━━ Materials provided
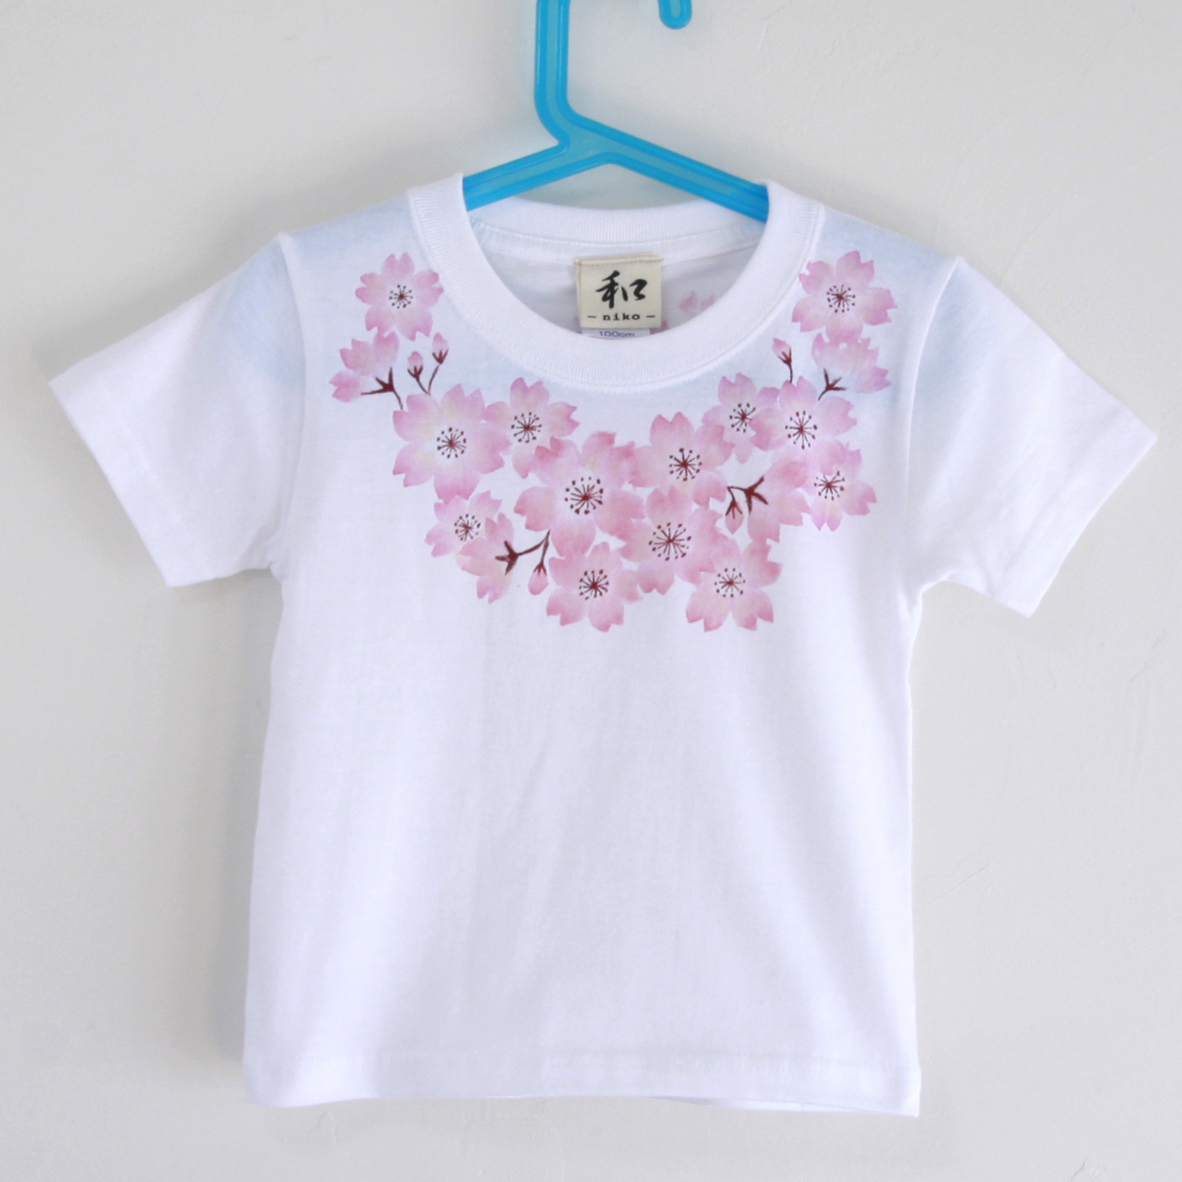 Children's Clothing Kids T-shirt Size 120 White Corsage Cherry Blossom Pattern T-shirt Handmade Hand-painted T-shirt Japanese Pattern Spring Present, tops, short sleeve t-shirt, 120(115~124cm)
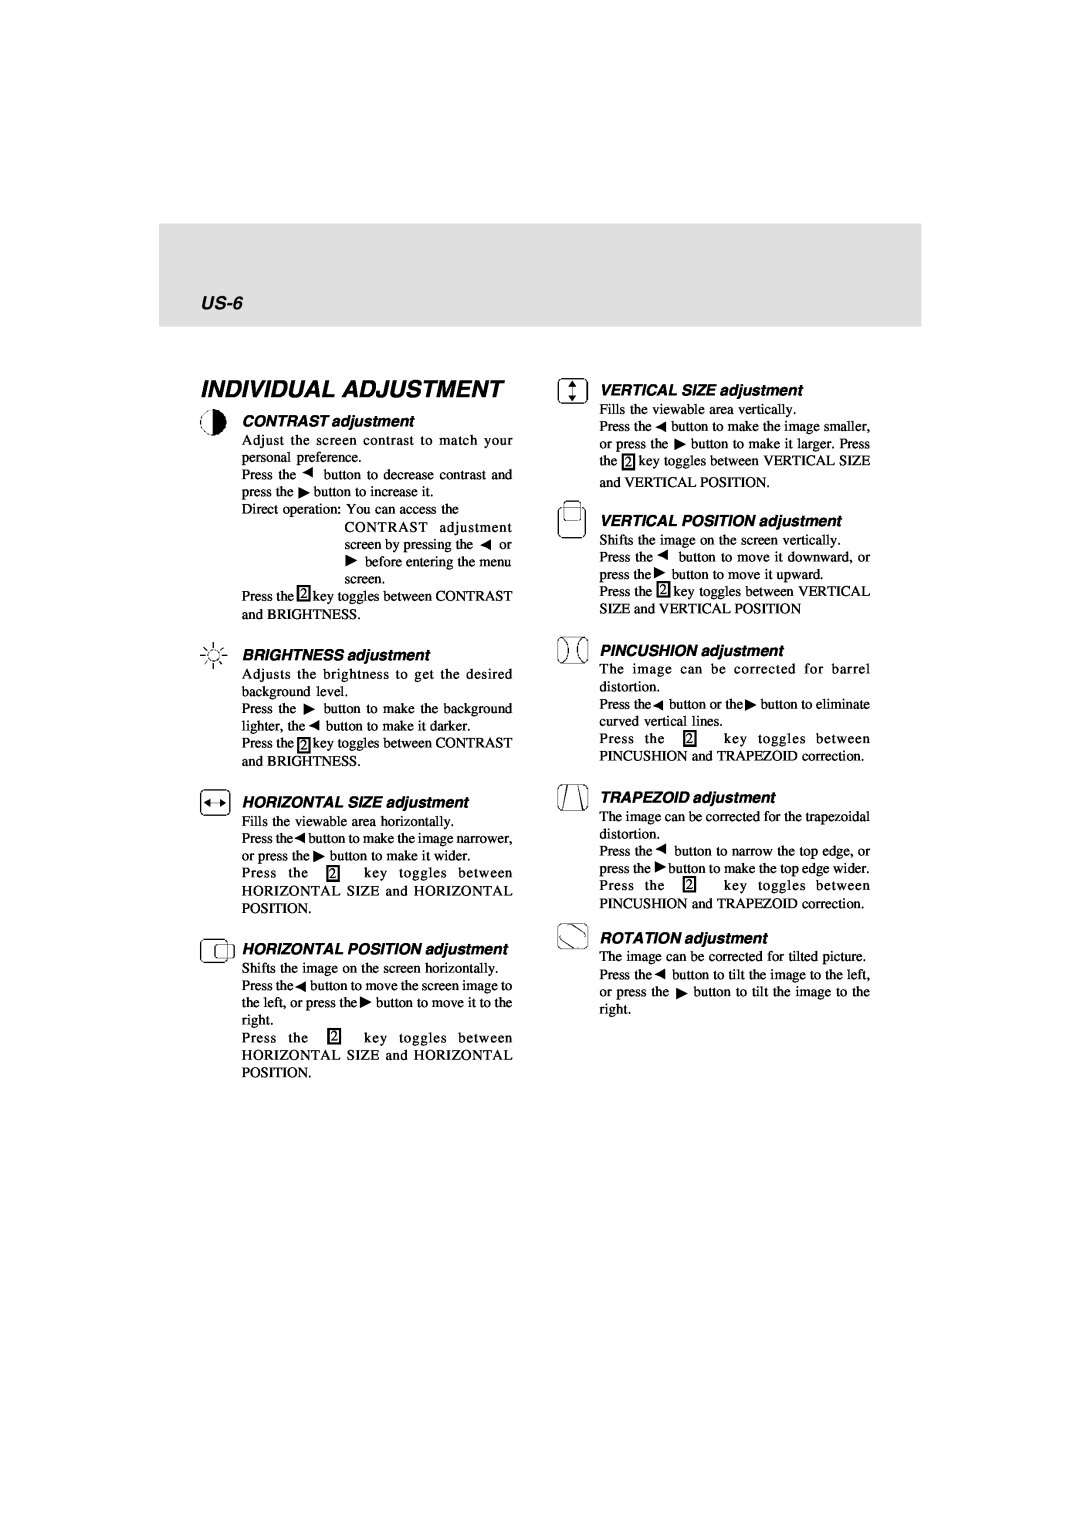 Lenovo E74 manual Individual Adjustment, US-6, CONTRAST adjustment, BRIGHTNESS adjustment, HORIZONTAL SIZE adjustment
━━━━
━━ Materials provided
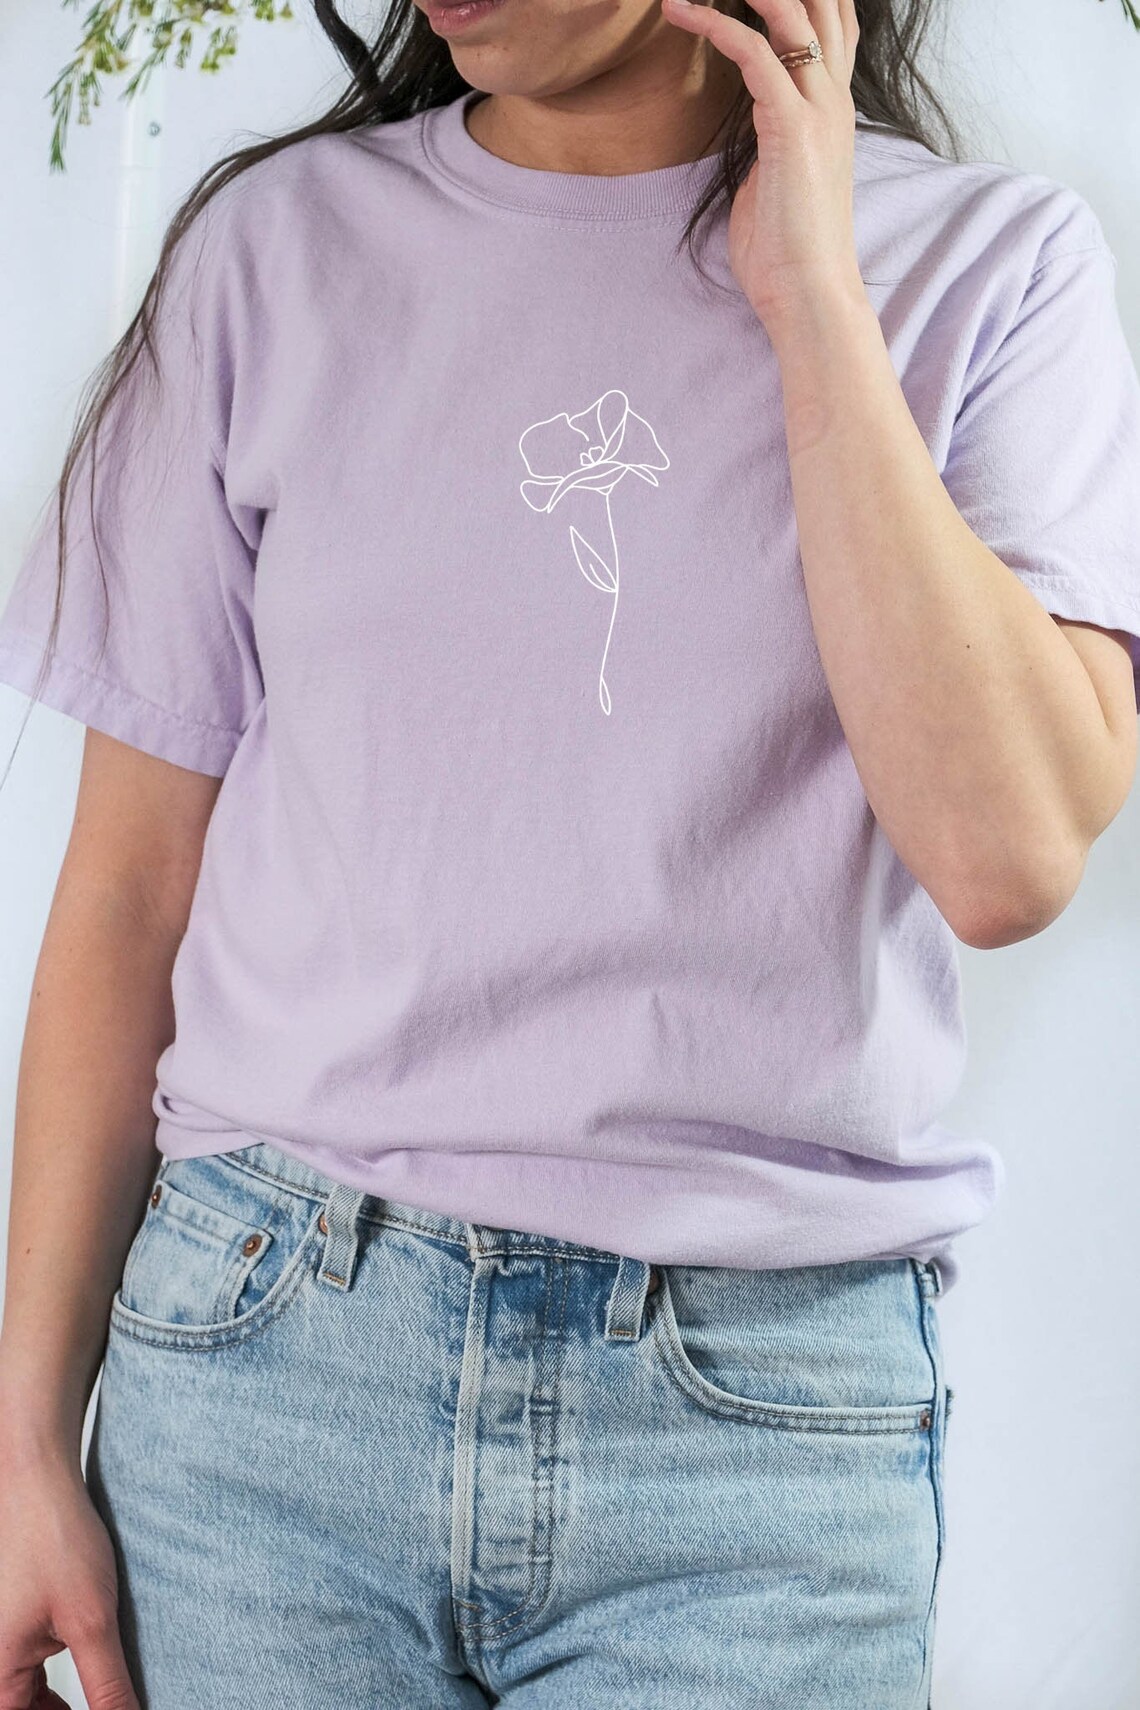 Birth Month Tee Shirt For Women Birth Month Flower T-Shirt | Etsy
━━━━
━━ Materials provided
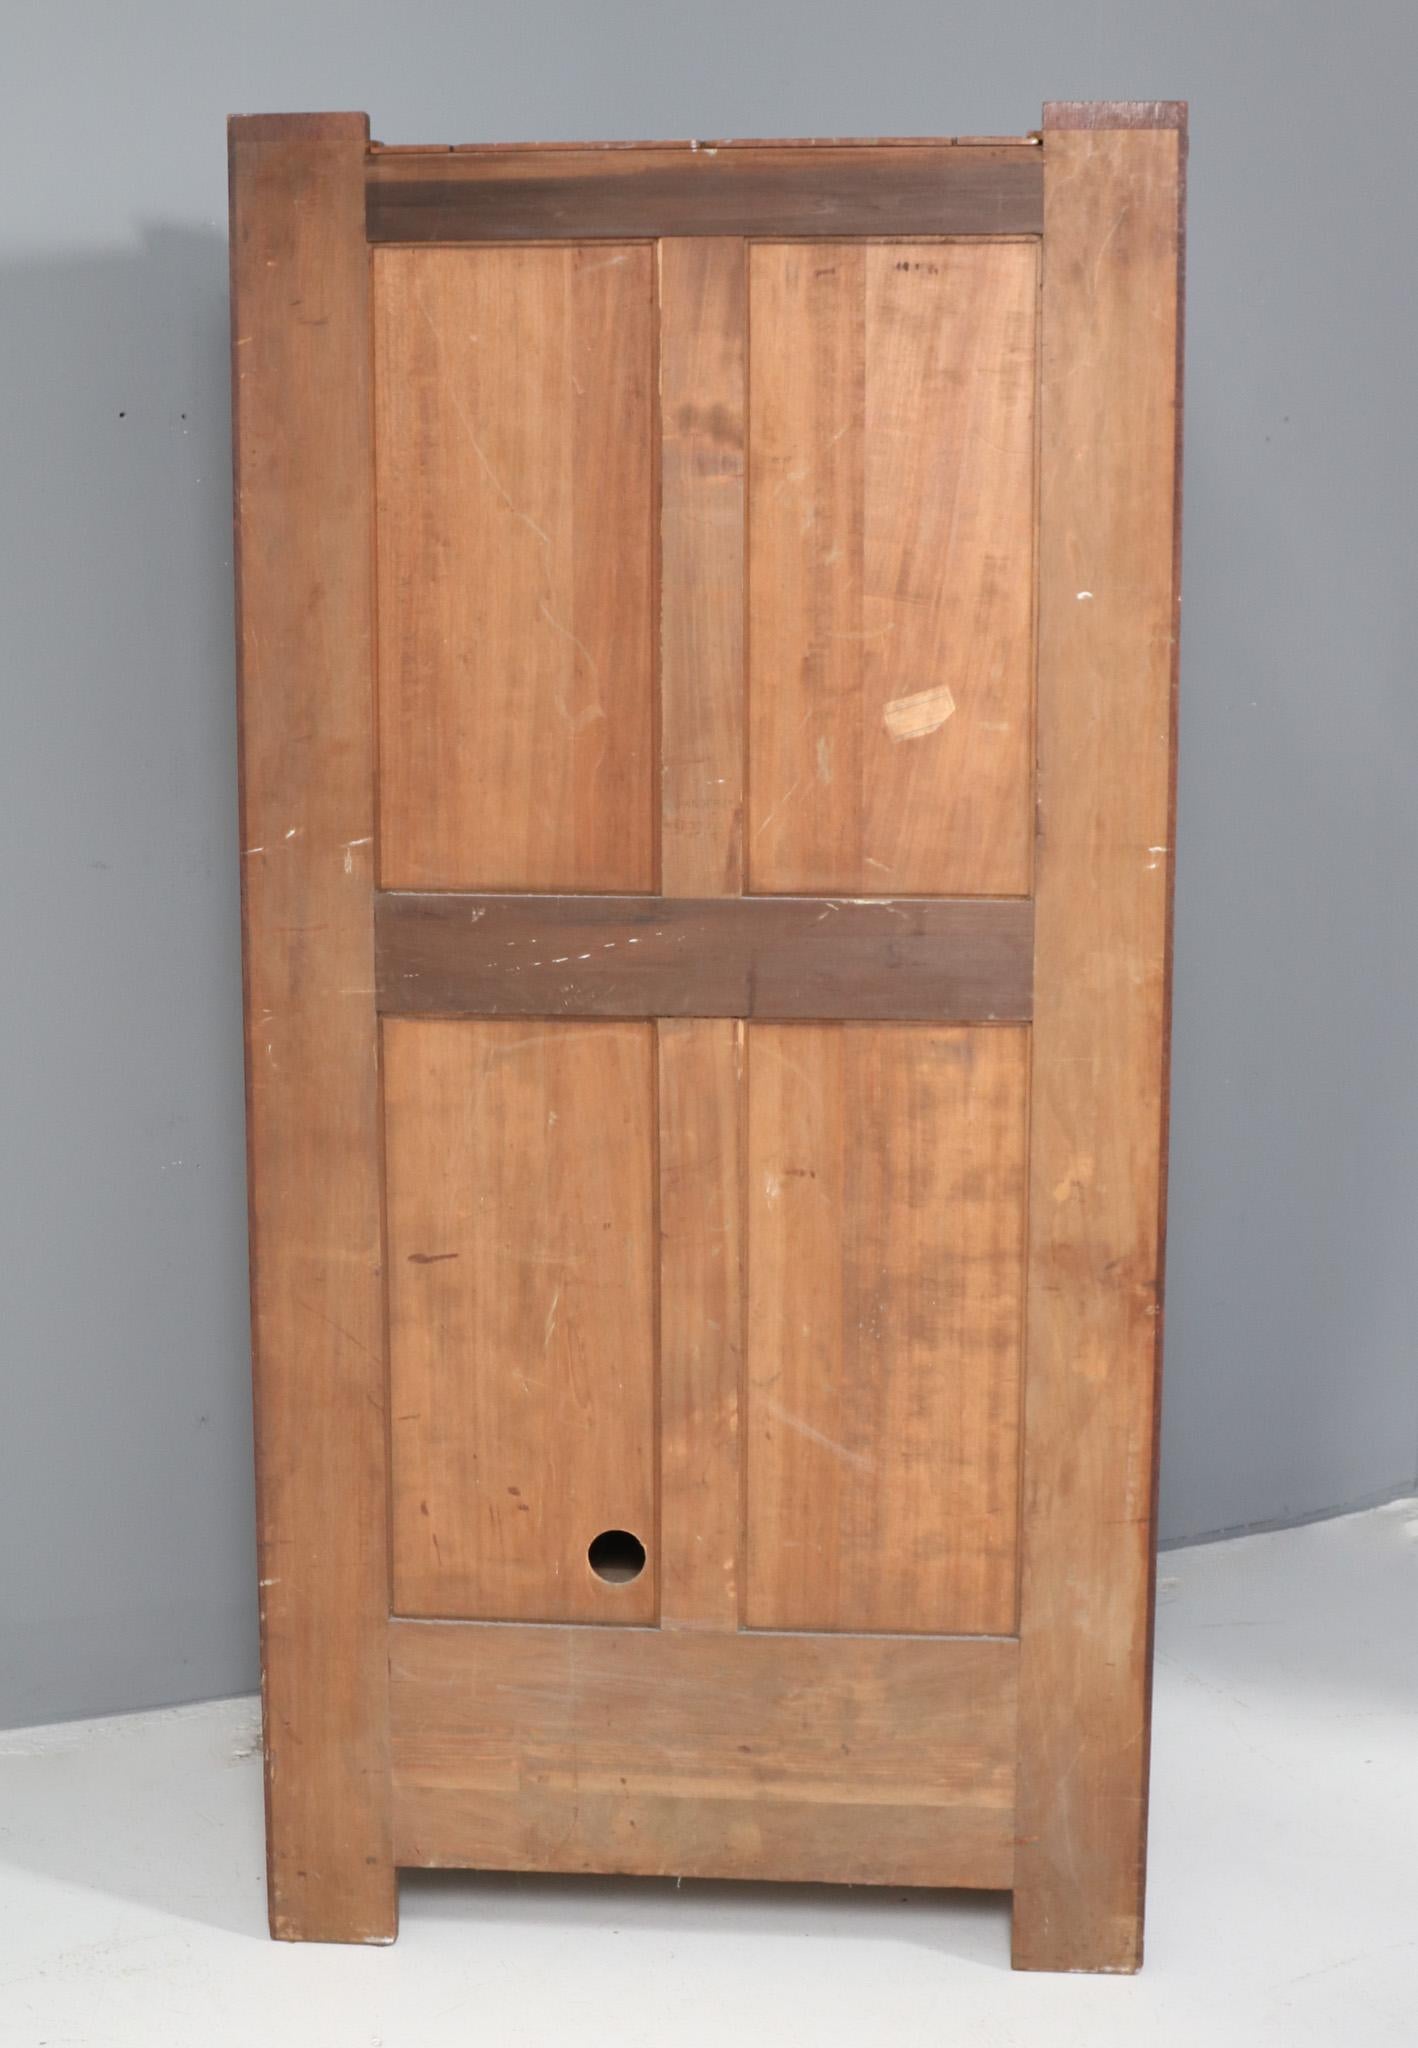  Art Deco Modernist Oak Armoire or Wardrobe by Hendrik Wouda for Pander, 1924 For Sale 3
━━━━
■ **Task prompt**
Only the lines between the one with "Children's Clothing Kids" and the one with "Lenovo E74 manual", those two included, get copied from the material above. Keep it exact and free of pictures.

■ **Response to the task**
 Children's Clothing Kids T-shirt Size 120 White Corsage Cherry Blossom Pattern T-shirt Handmade Hand-painted T-shirt Japanese Pattern Spring Present, tops, short sleeve t-shirt, 120(115~124cm)
 Lenovo E74 manual Individual Adjustment, US-6, CONTRAST adjustment, BRIGHTNESS adjustment, HORIZONTAL SIZE adjustment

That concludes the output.